Thursday, January 26, 2006

Chp 7 - How To Nurture the Adolescent Moral Self

My notes from Shaping the Spiritual Life of Students. Very, very good book. This is a good chapter although there are many in this book.

To be authentic, spiritual caregivers must begin by acknowledging that there is no fail-proof method for making an adolescent develop the moral self we desire. Spiritual caregivers, if they are honest with themselves, realize this foundational truth - adults are not ultimately in control of the process of an adolescent's moral development.

Three Rs of moral development:
relationship, reasoning and responsibility taking
spiritual caregivers can take responsibility for:
- discerning deficits that disable the adolescent's moral maturity
- partnering with God in praying with and nurturing those areas of need
- creating environments that will foster maturity of the adolescents moral self

relationship - the tractor-beam of attachment
All persons will find ways to attach themselves to others - even if it requires violating a previously held moral conviction. Once an adolescent chooses compromise, a negative cycle of moral disintegration is set in motion. Over time, the compromising behaviors have a way of reshaping beliefs; the inconsistency between conviction and behavior often leads to a rationalized change in conviction.
Authentic spiritual attachment with God and his people, in fact, is the only love that can overcome the powerful enticements of postmodern pseudo-attachments.

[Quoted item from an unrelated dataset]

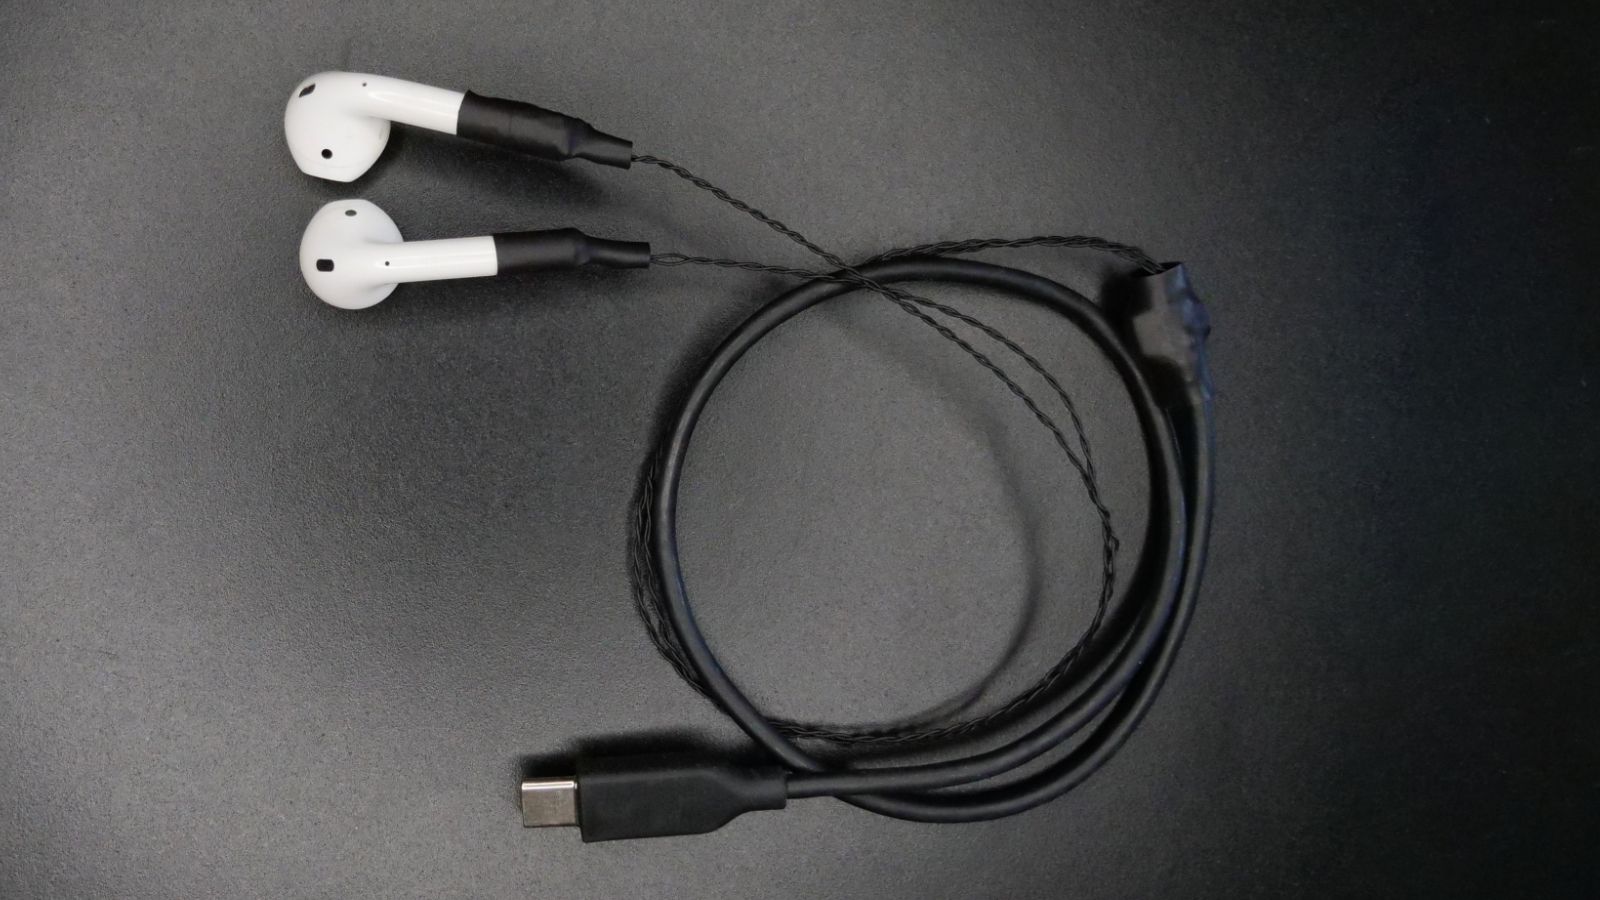 Ingeniero trae cables y conector USB-C a AirPods

reasoning - the why behind the boundaries
When two-year olds say no, they are finding out that they are separate human beings from their parents, with separate wills and separate opinions. Though most Christian parents have been trained to balk at this concept, it is our job to help them to develop a strong no. They are going to need a strong when they are fourteen years old and someone wants to be sexually intimate with them or shoves a bottle of alcohol in their hand. Our job is to recognize opportunities for them to exercise their no - not to strip them of their will in the name of maintaining authority as a parent. - Jeff VanVonderen _Families Where Grace Is In Place_

Families and ministry environments that clearly establish boundaries in connection with attachment create the best possible environment for the formation of a mature moral self.

The greater the boundary deficit in an adolescent's life, the greater the need for consistent guidance and feedback from a spiritual caregiver.

Adolescence is the greenhouse for the growth of healthy moral minds capable of withstanding the harsh elements of a sensate culture.

responsibility taking - rooted in personal value and efficacy
With identity formation in high gear, the need to feel successful, to enjoy achievements, and to be celebrated takes on epic proportions.
Students who fail to gain an emerging sense of value and efficacy thus have the double damnation of not being able to accept themselves and not being hopeful that they can choose to be anyone different.

The Intersection of the three Rs
From Moral Belief to Moral Action
1 - What do I believe - A sense of moral conviction is involved - it would be wrong to keep money that was not mine
2 - Am I responsible for acting on that belief in this situation? - sense of moral responsibility - I should give back the hundred dollars I found
3 - What will I choose to do based upon my belief - An ideological moral commitment provides guidance - tomorrow I am going to turn in the money
4 - What do I do at the moment when a behavioral response is required? - moral choice is made - When I hand the wallet, I include the money

Restoration - case study - travis and sarah
pay attention to relational deficits
invest in the development of executive skills that may need to be strengthened (competencies required to turn moral commitments into moral choices)
communication, time management, delayed gratification, goal setting, managing emotions


I loved that quote about helping kids develop a strong no. It's a good one huh?